Se llama Luz pero la rodea la oscuridad y el frío. En su casa no hay calefacción. «Nos abrigamos y parecemos esquimales. Nos ponemos dos o tres chaquetas. Nos tapamos con mantas. A veces vamos con batín. Llevamos doble o triple calcetín. Nos ponemos gorros. Guantes no, porque el pequeño se muerde las uñas. Pero aun así hace muchísimo frío», dice.

El pequeño tiene 17 años y una grave discapacidad del 69 % que ha empeorado. Su otro hijo tiene 23 y estudia en la Universidad. Ella, peruana de 51 años que llegó a la España rica de 2007, cobra 451 euros al mes como trabajadora de ayuda domiciliaria.

La palabra pobreza energética, de tan ampulosa como es, se le queda estrecha a su precaria situación. Con un detalle basta: dos litros de zumo los convierte en tres mezclándolos con agua. Si eso hace con el zumo, si dice que la sacarina cunde más que el azúcar o recuerda la vez que pilló diez kilos de patatas por un euro y se los trajo como pudo en el autobús, con la electricidad solo hay que imaginarse lo que hará.
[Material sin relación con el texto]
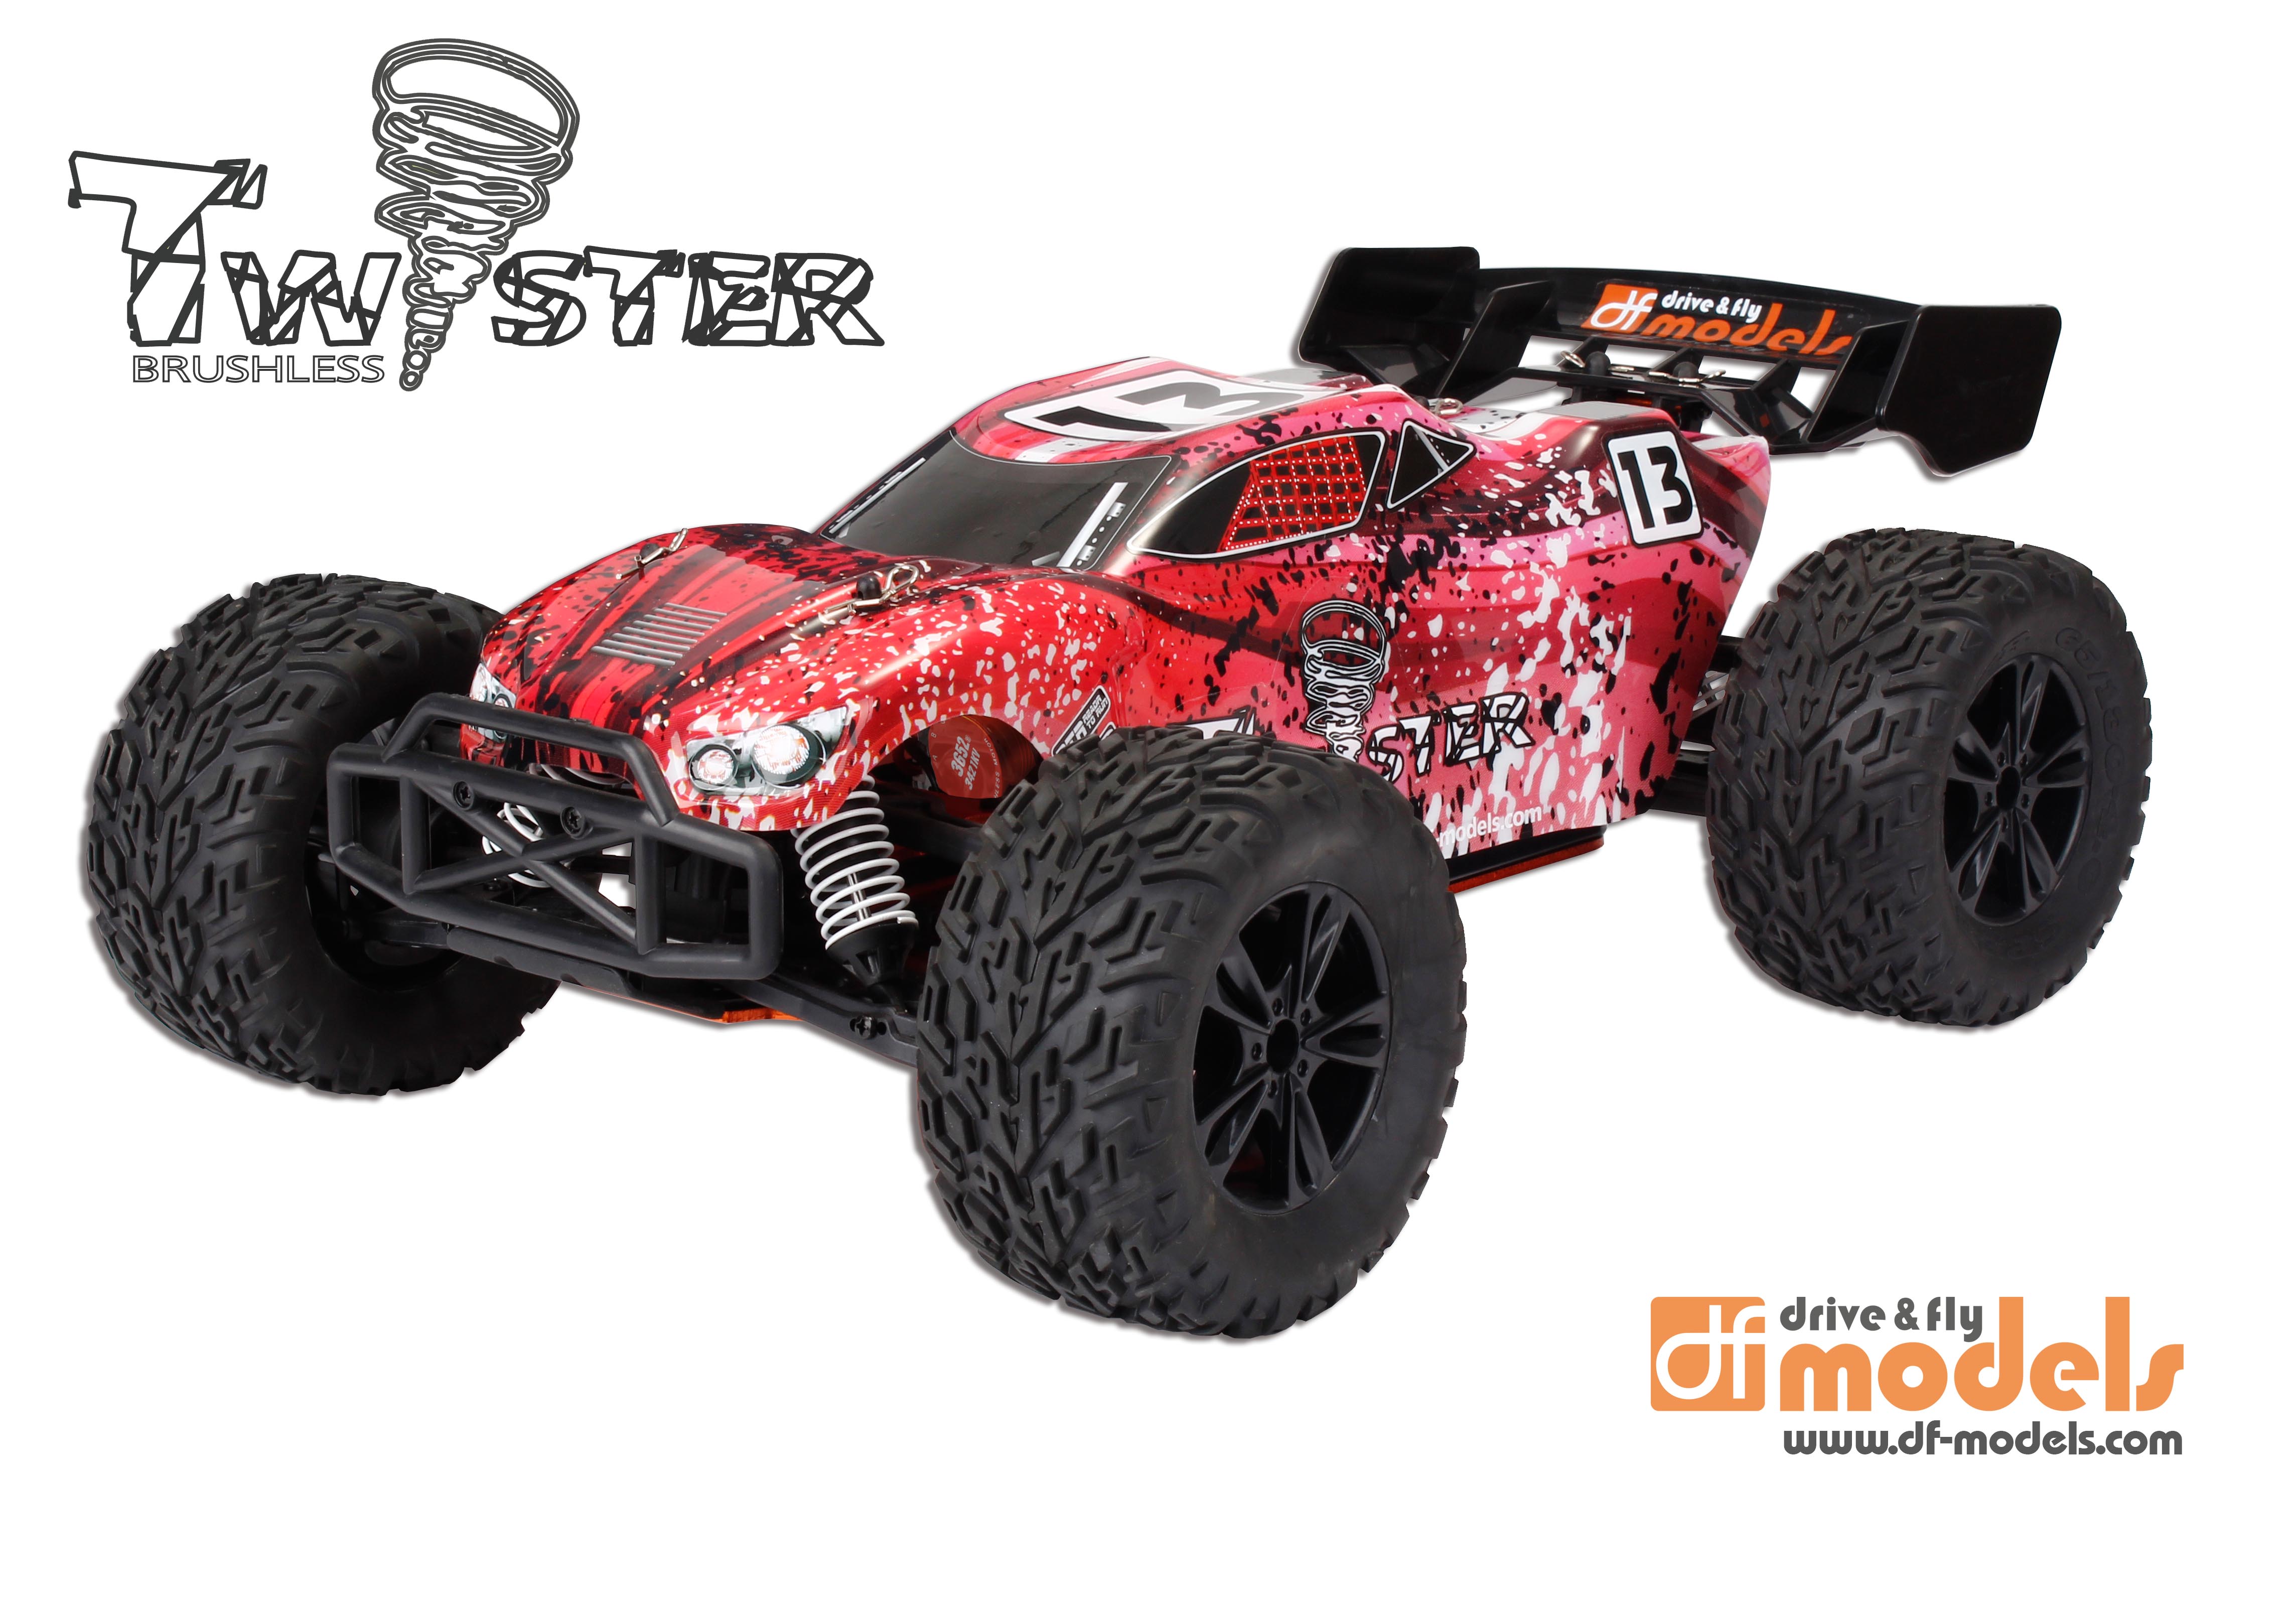 TWISTER Truggy 1:10XL RTR Brushless

Ninguna estufa («gasta muchísimo y no podría pagarlo»). Ningún radiador, ningún brasero. Ni soñar con una calefacción con mando. Nada de luz en el salón porque con la que llega blanca de la cocina se apañan. La tele la encendían lo justo; ahora está averiada. Solo con esa dieta eléctrica, pura anorexia de supervivencia, se entiende que sus facturas de luz sean de 26 o 28 euros. Rara es la vez que superan los 30 euros en el recibo. Es Cáritas la que le asiste muchas ocasiones en esos pagos, así como en la comida. «Y así estamos, joven», dice cada poco mientras va desgranando su situación. Da las gracias de que al menos su hijo discapacitado vaya a un centro especial sin coste para ella. Su otro hijo, que estudia Económicas, aprovecha para estudiar hasta que se va el sol. A veces pone una vela para no gastar luz si le queda trabajo tras el atardecer y está en casa. Si no anda por ahí buscando internet gratuito.

Esta noche, como tantas noches, quizá Luz se meta en la cama con una botella de agua muy caliente dentro de un calentador de tela. Para mitigar el helor de las sábanas. «Al piso no le entra el sol y hace mucho aire. Y así estamos», dice.

Ollas en la ducha

El anuncio por internet que ha escrito María José Callejo es crudo. «Necesito calentador de agua a luz, aunque sea mini, pequeño. No tengo dinero para comprarme uno y me baño con agua fría siendo invierno. Lo estoy pasando mal yo y mi madre de 64 años. Por favor, ayuda, mil gracias a todos los que me lean por lo menos. Me da igual el tamaño, de corazón, pero necesito agua caliente o caeremos enfermas».

Ninguna de las dos tiene trabajo. Han dejado una habitación que tenían en un piso compartido y acaban de llegar al piso de una conocida que les ha dejado el alquiler barato. Tiene luz, sí. Pero ningún aparato que funcione en condiciones para calentar la vivienda. Madre e hija van por casa con batines, mantas y zapatillas gruesas. «Tengo las manos heladas, que no puedo ni moverlas, y la nariz roja por el frío. Pero no tener estufa no me importa. Yo lo único que pido por favor es un calentador eléctrico de agua para podernos duchar con agua caliente», dice.

Ahora mismo se apañan calentando una olla con agua cada vez que quieren ducharse. Es la primera vez que se ve obligada a ducharse sin agua caliente. Dice que hace mucho frío «Mientras te vas duchando el agua se ha quedado tibia y tú sales congelada del baño», relata.

María José, de 24 años, está harta de no encontrar trabajo. Apenas tres meses ha trabajado limpiando y no le sale nada. Siempre le piden una experiencia que no tiene. Ojalá pudiera ser peluquera. Ella no se conforma con el «y así estamos». Antes de que le pregunten saca a colación la muerte de la anciana de Reus en un incendio doméstico ocasionado por una vela tras haberle sido cortada la luz. Es muy crítica con la situación política. «Es una vergüenza de país en el que a los que mandan les da igual que nos muramos de frío. Y si caemos enfermas, a ver cómo pagamos los medicamentos», suelta. «Solo pido agua caliente», vuelve a repetir.